Egypt and the farce of the righteous majority

As I crack open this story, Desmond Dekker’s “Pretty Africa” shuffles onto iTunes. It’s a sentimental sausage of a tune, but it slowly reminds me I’ve visited one place in the entirety of Africa, once, and that wasn’t Egypt. So I don’t have any first-hand experience of the place I’m about to discuss. But I read, and when you see a cry for help, most humans read a little closer…

Recently, Egypt’s government has taken to monitoring its citizens online, including what they post on Facebook. This can’t come as a surprise to anyone in the US or UK, because internet monitoring is exactly what our governments have been doing to us, too! So if our lot are doing it, why shouldn’t everyone else’s, right?

(Aside: there’s a good write-up here of some of the pro-privacy arguments – spolier: it’s not a FAQ with questions like:

“I’m a benefit cheat/seeking to bring down your decadent western way of life. How can I best hide my private e-mails about crime plans from the government/security services?”

Well worth a read.)

Anyway, the governments now in power in many of the countries that experienced the ‘Arab Spring’ are not quite so worried about losing votes in the next general election if they’re found out to be snooping. Like, maybe they just decide to ignore or rig the general election results? I’m not going to get into who Egypt’s government should be, ‘cos I have no clue, but I DO have a clue that what the current government is doing to many humans right now, in this until-recently more liberal African nation, is extremely inhuman.
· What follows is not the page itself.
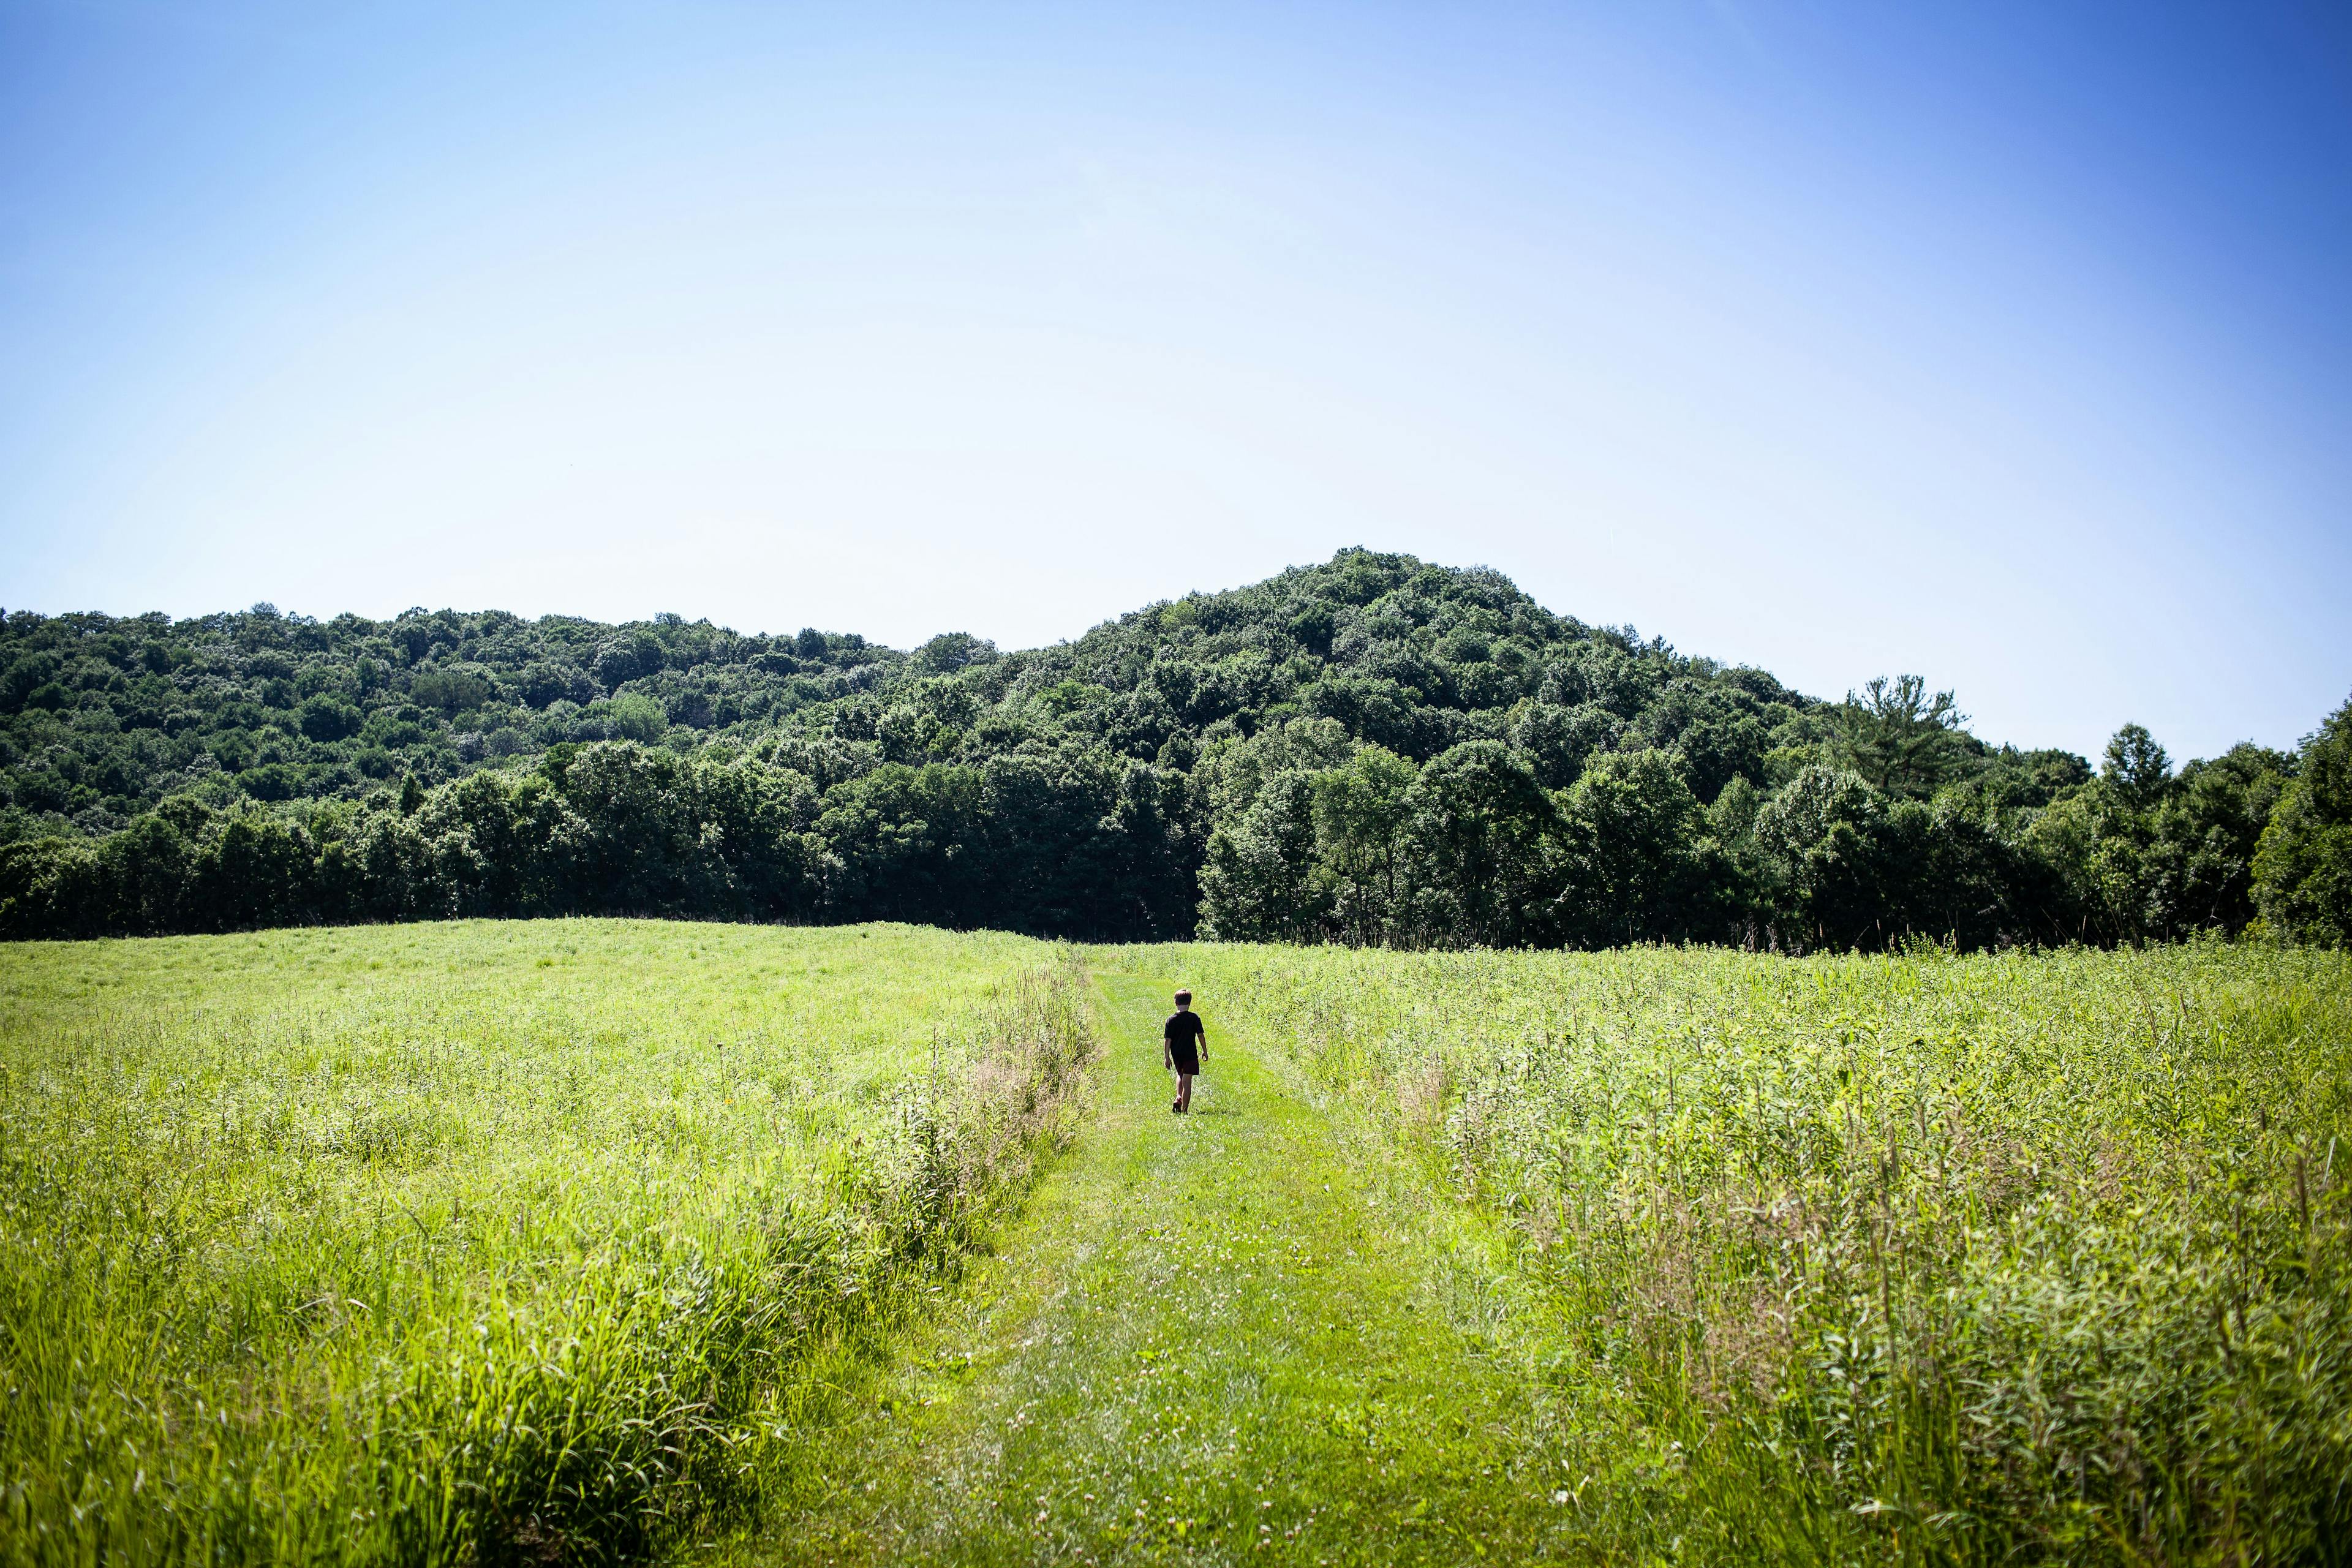 A boy walks a trail through a grassy field toward tree-covered hills.

The history of what happens when a lot of people experience significant, simultaneous discomfort is now a disgusting cliché. Either the absent rights of a minority are campaigned for (note that they don’t even have to be won, just campaigned-for) and a privileged group perceives that it is now threatened or has already lost its relative position in society; or there is social upheaval, the economy goes down the tubes for a bit, life starts to bite – hard – and people want a solution. The solution, it is decided by the political cliques, isn’t to hold to account the political cliques (you saw that coming), but to bully someone else – someone vulnerable, like a minority that can’t fight realistically back. That bullying tricks you into feeling you’re doing something about your problems, and makes you feel like you’re not at the bottom of the heap yourself. That bullying, though, takes forms from stigmatisation, through vilification, persecution, accusation, segregation, incarceration, vigilante/militia beatings on the streets, maybe dragging people them from their homes first, to physical humiliation, rape, torture, mutilation, eventually to murder. It’s a broad spectrum, I admit, but put your hand up if you want to be anywhere on it? Nope – I didn’t think so…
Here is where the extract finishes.